Role Grants Typical holder
roles/datastore.user Read/write access to data in any database Application service accounts (backends, Cloud Functions)
roles/datastore.viewer Read-only data access Reporting/read-only services
roles/datastore.owner Full data + admin (indexes, etc.) Admins / setup automation
roles/datastore.importExportAdmin Run managed export/import Backup automation
roles/datastore.indexAdmin Manage indexes only CI that deploys indexes

(Firestore’s IAM permissions live under the historical datastore.* namespace regardless of mode — a naming quirk, not a behaviour difference.)
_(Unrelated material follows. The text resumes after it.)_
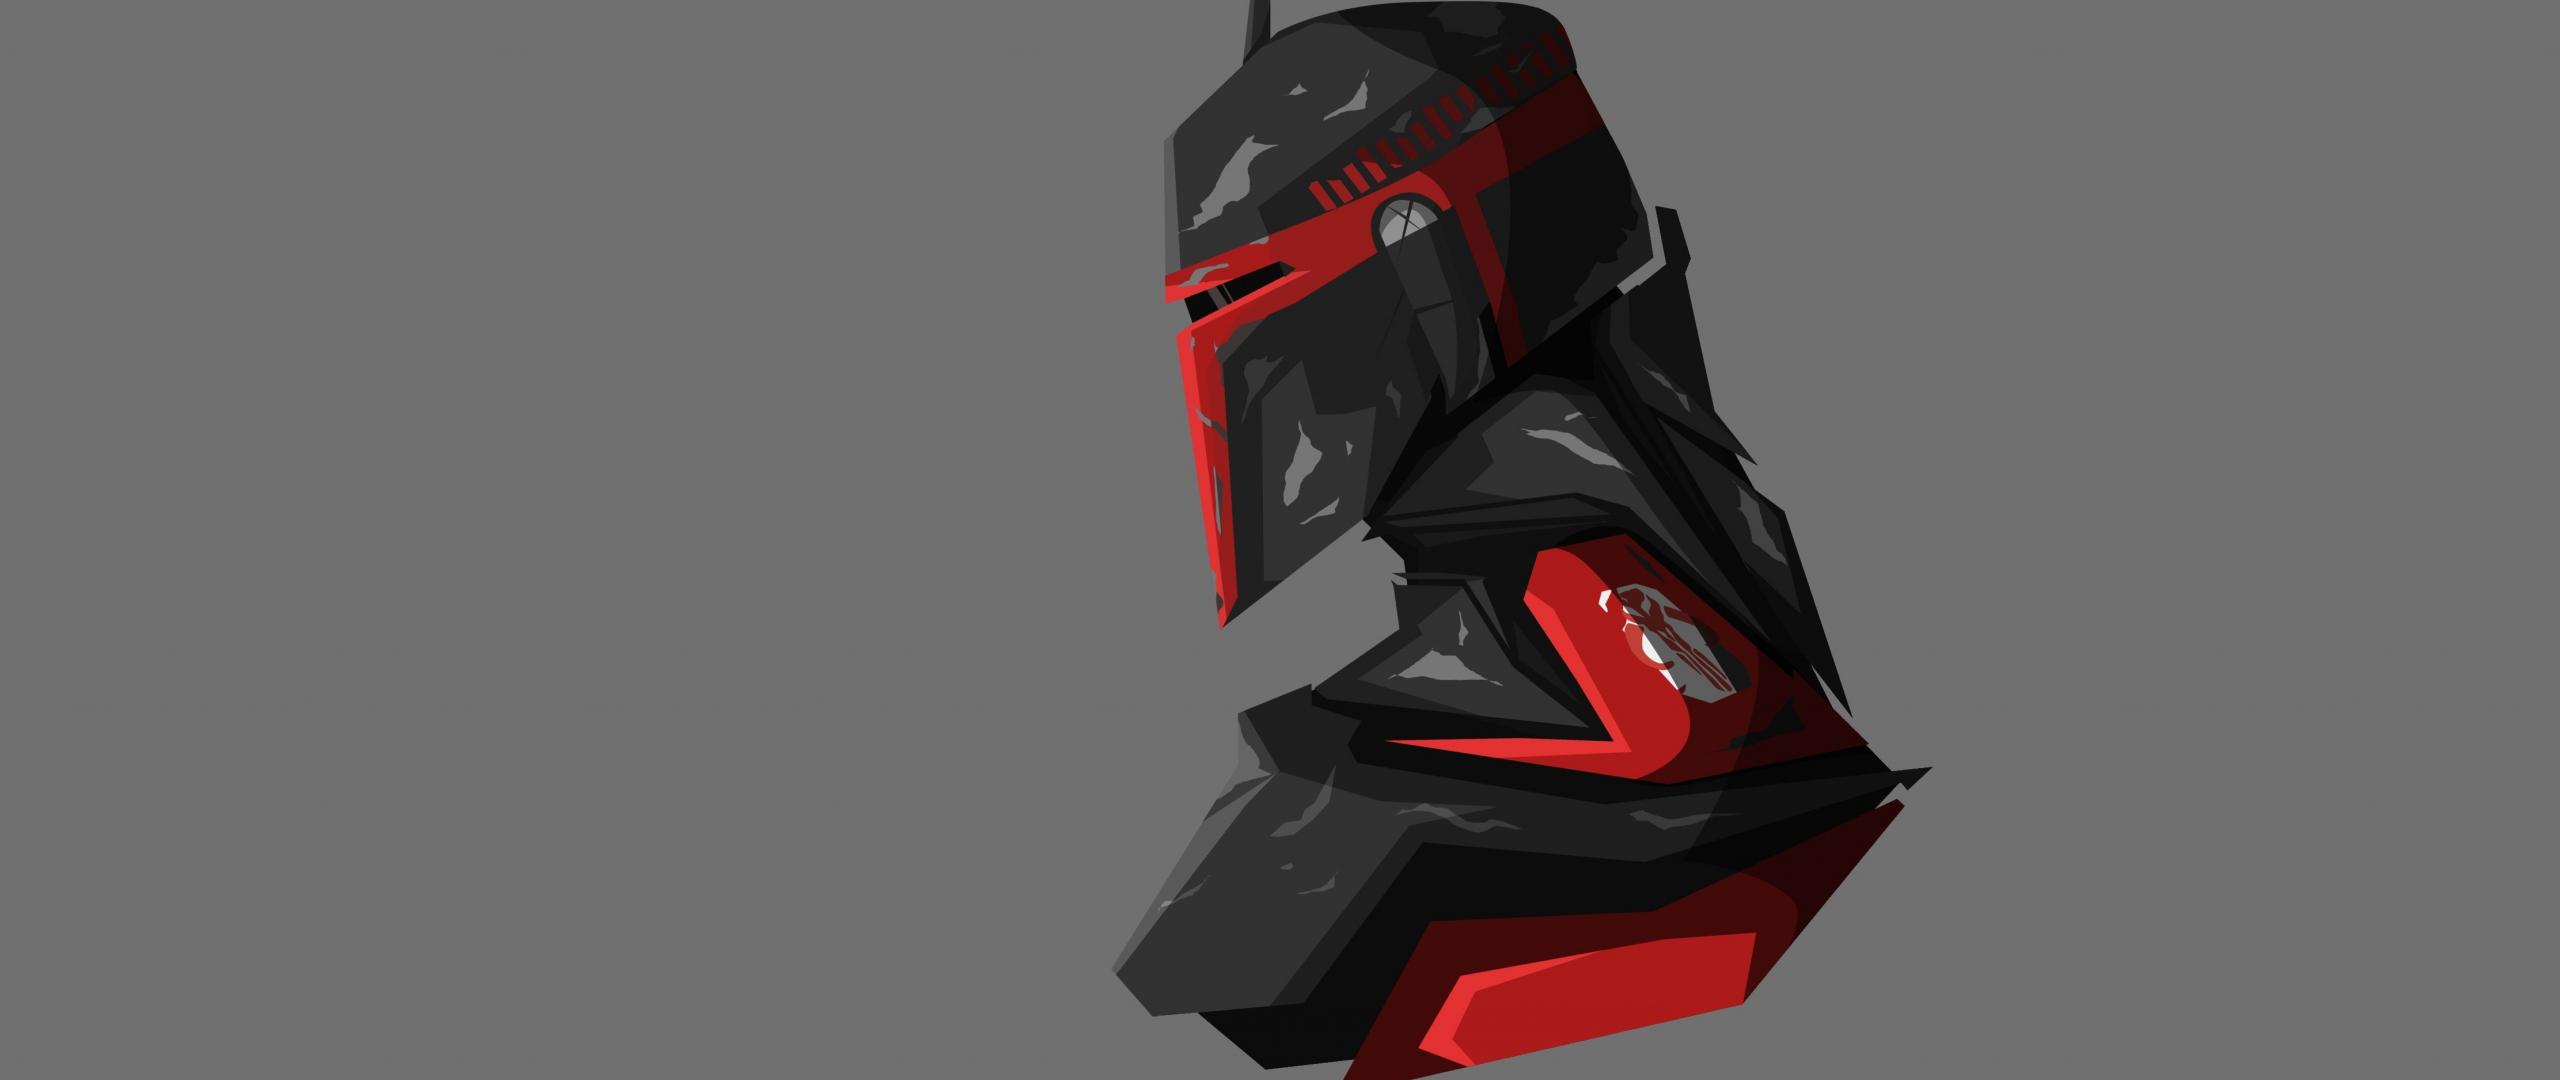 Download 2560x1080 Wallpaper Boba Fett Star Wars Captain Art

The rule to never get wrong

Security Rules protect the untrusted path (client SDKs with end-user identity); IAM protects the trusted path (server/Admin SDK with a service-account identity). Datastore-mode databases have only the IAM path — no Security Rules exist there. The most common production breach in this area is shipping allow read, write: if true; rules to a Native-mode database that real users hit directly. Write least-privilege rules, and remember that a Cloud Function using the Admin SDK is not governed by your rules — secure it with IAM and your own code.

Transactions and batched writes

Firestore gives you two atomicity primitives.

Batched writes

A batched write groups up to 500 write operations (set/update/delete) into a single atomic commit — all succeed or all fail. There is no read involved and no contention check; it is simply “apply these N writes together”. Use it for fan-out denormalisation (update a username on the user doc and on every cached copy) and bulk imports.

import { writeBatch, doc } from "firebase/firestore";
const batch = writeBatch(db);
batch.set(doc(db, "users", uid), { displayName: "Asha" }, { merge: true });
batch.update(doc(db, "stats", "global"), { userCount: increment(1) });
batch.delete(doc(db, "temp", "draft"));
await batch.commit();   // all-or-nothing, up to 500 writes

Transactions

A transaction is a read-then-write unit with optimistic concurrency control. You read some documents, compute new values, and write — and Firestore guarantees the documents you read did not change between your read and your commit; if they did, it retries the transaction automatically. This is how you implement correct counters, inventory decrements, transfers and any “read-modify-write” that must not race.

import { runTransaction, doc } from "firebase/firestore";
await runTransaction(db, async (tx) => {
  const ref = doc(db, "inventory", "sku-42");
  const snap = await tx.get(ref);              // read
  const qty = snap.data().qty;
  if (qty < 1) throw new Error("out of stock");
  tx.update(ref, { qty: qty - 1 });            // write, only commits if 'ref' unchanged
});

Transaction rules and gotchas:

Both batched writes and transactions are atomic and strongly consistent, and both can span multiple collections (unlike some databases, there is no “same partition” restriction for transactional writes).

Real-time listeners

The feature that sets Firestore apart: instead of polling, a client subscribes to a document or query and Firestore pushes changes as they happen. The listener fires once with the current state, then again on every change, delivering only the deltas (which documents were added/modified/removed).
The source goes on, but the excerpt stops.